Waffle pods are seen as a cost effective way of building concrete slabs for new homes, extensions or commercial buildings. The polystyrene is not biodegradable so needs to be recycled.
Fortunately for plant, animals and water health and consumption, it is not considered toxic, however, like all rubbish in waterways, it could have a lasting effect on bird and aquatic life.
EPA South West Regional Manager Carolyn Francis has reminded Ballarat builders and land developers that they must manage their projects to prevent pollution incidents occurring.
"We're noticing an increase in building activity, which is great for the region, but builders and land developers are subject to the duties of the new Environment Protection Act 2017, including the general environmental duty, and they must control and prevent potential pollution risks from their sites," Ms Francis said.

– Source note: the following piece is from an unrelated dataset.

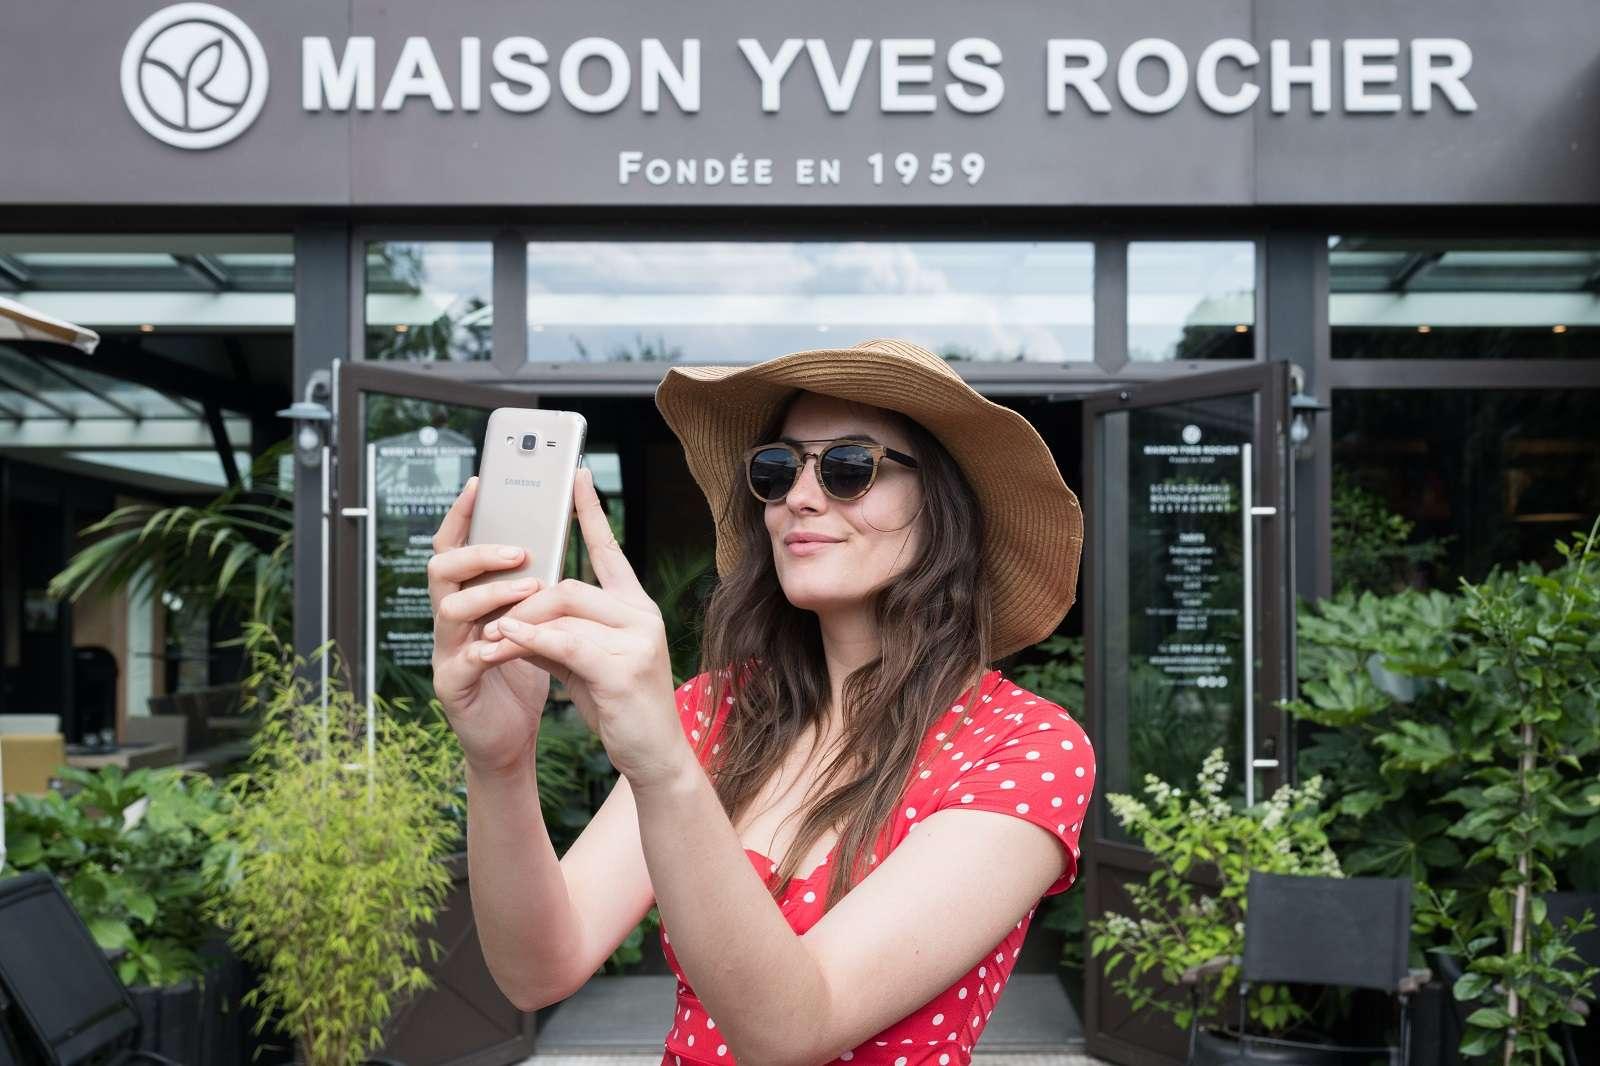 Yves Rocher La Gacilly - Maison Yves Rocher
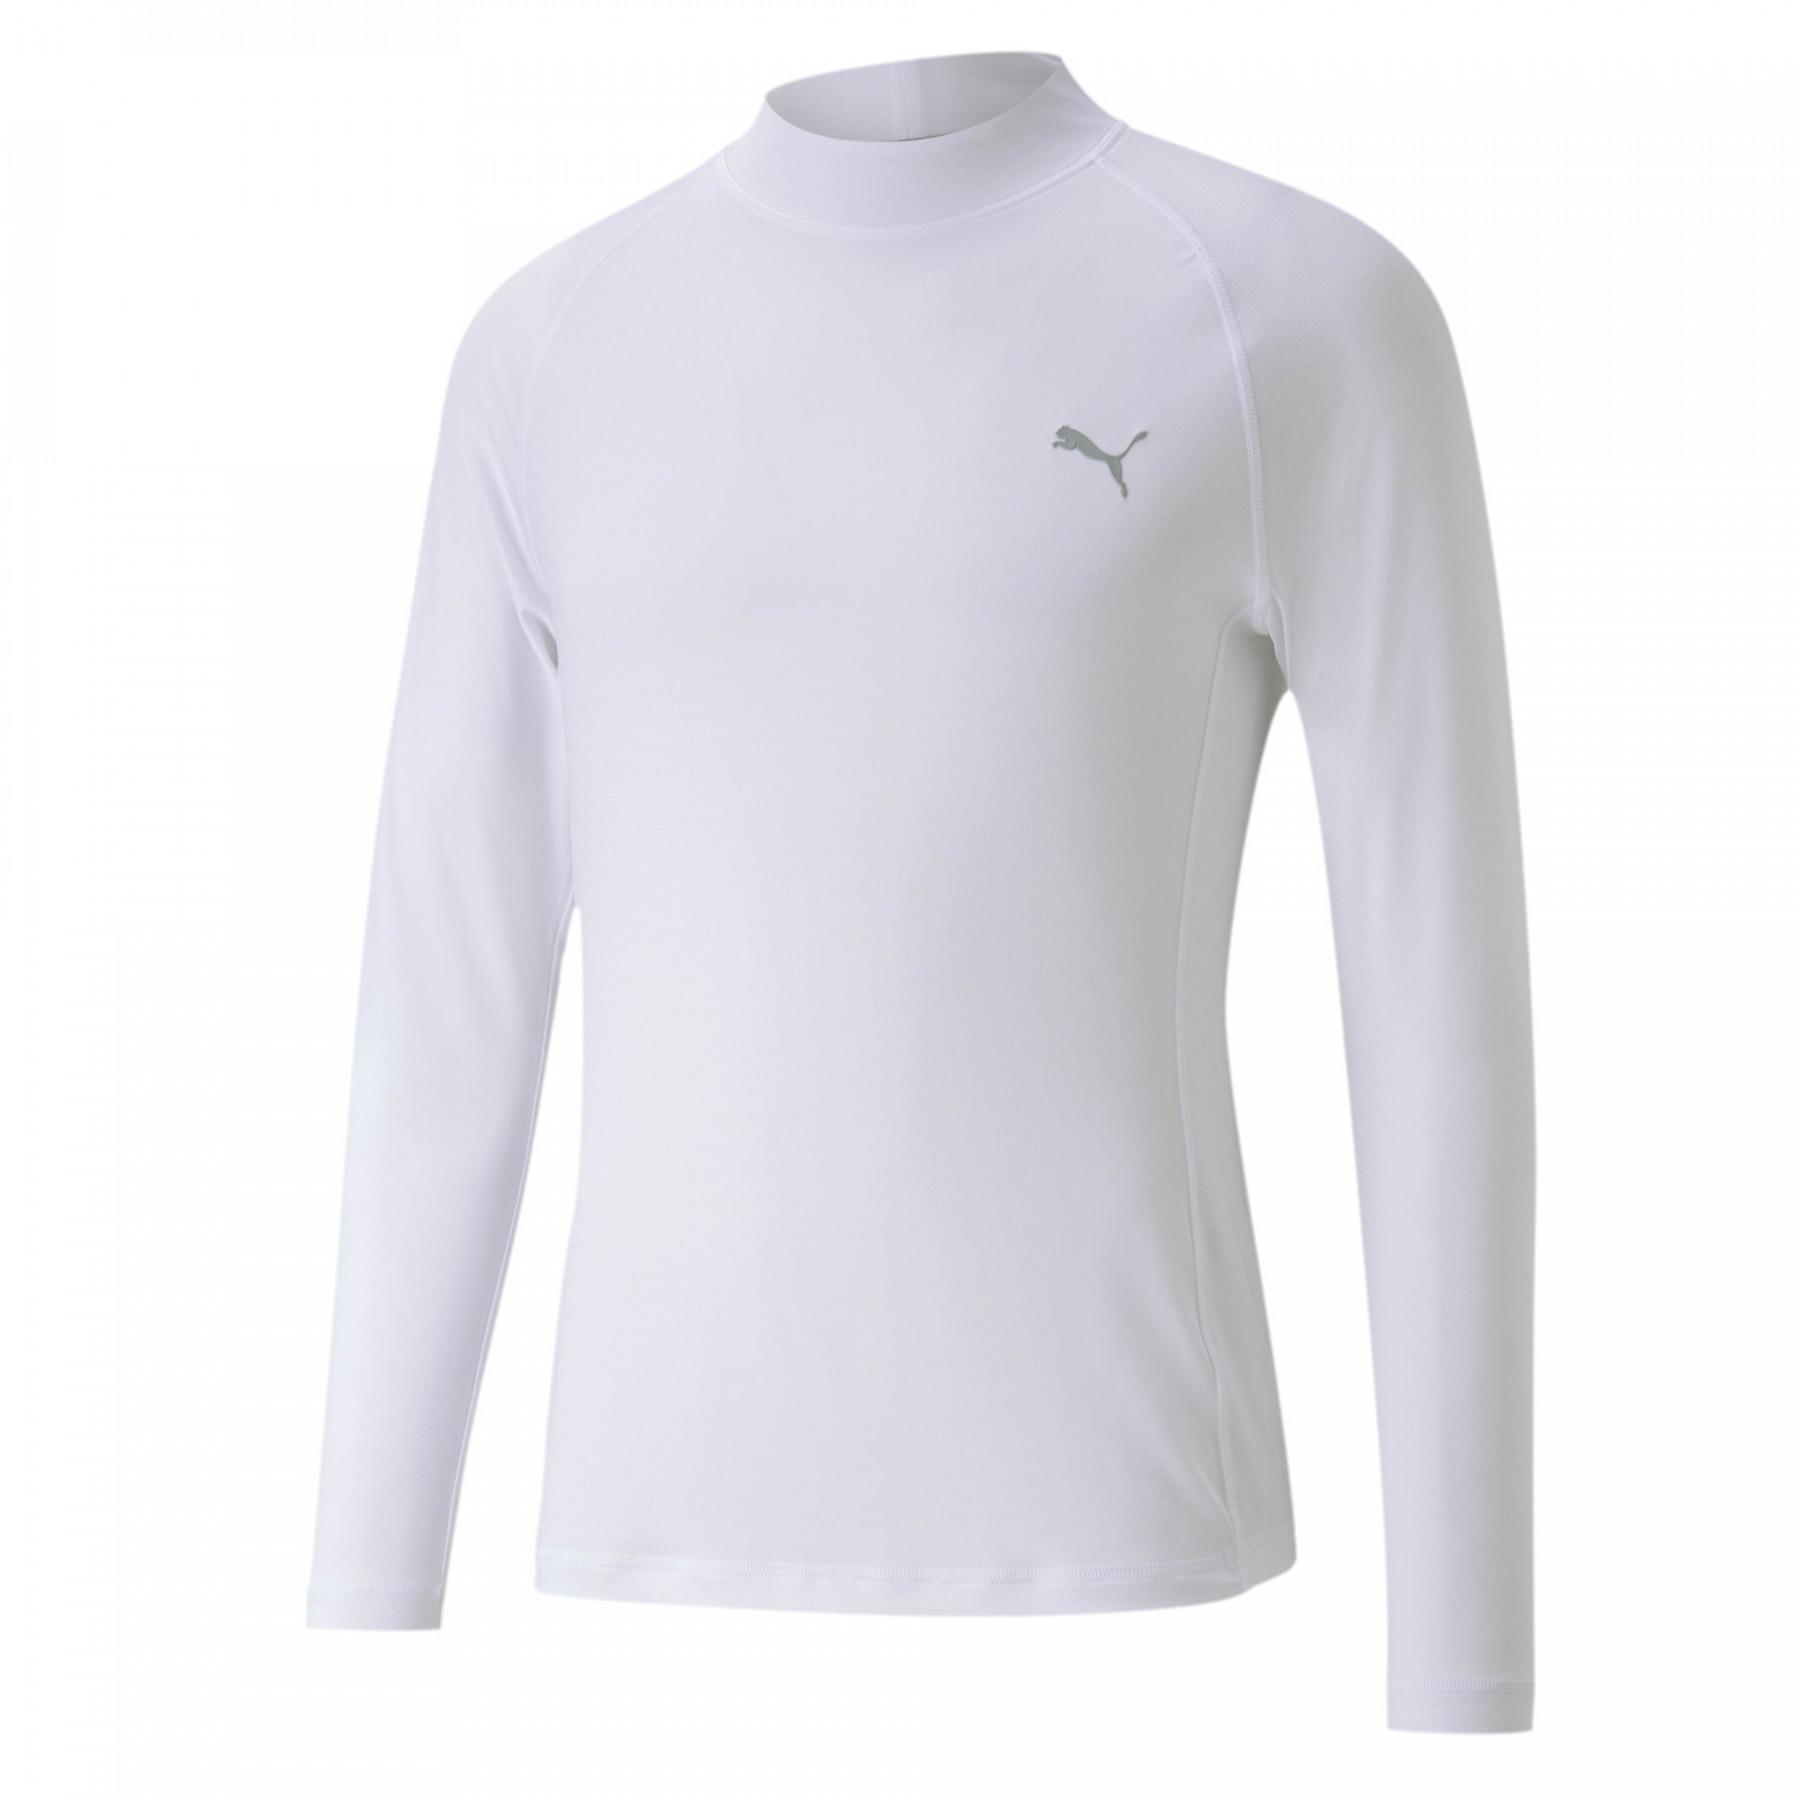 Puma Baselayer Sweatshirt

"This includes simple actions like preventing sediment run off from the site so that it is not discharged to stormwater drains or local waterways, ensuring any noise is within the permitted times (7am to 6pm), notifying EPA of any pollution incidents and identifying any contaminated land is appropriately reported to EPA and managed."
"Sites should also be managing any litter they create. That can often be as simple as making sure the skip bin lid is closed and that waffle slab styrene is properly tethered on site before being secured in the concrete pour."
The EPA said it would notify the City of Ballarat about the issues at this site.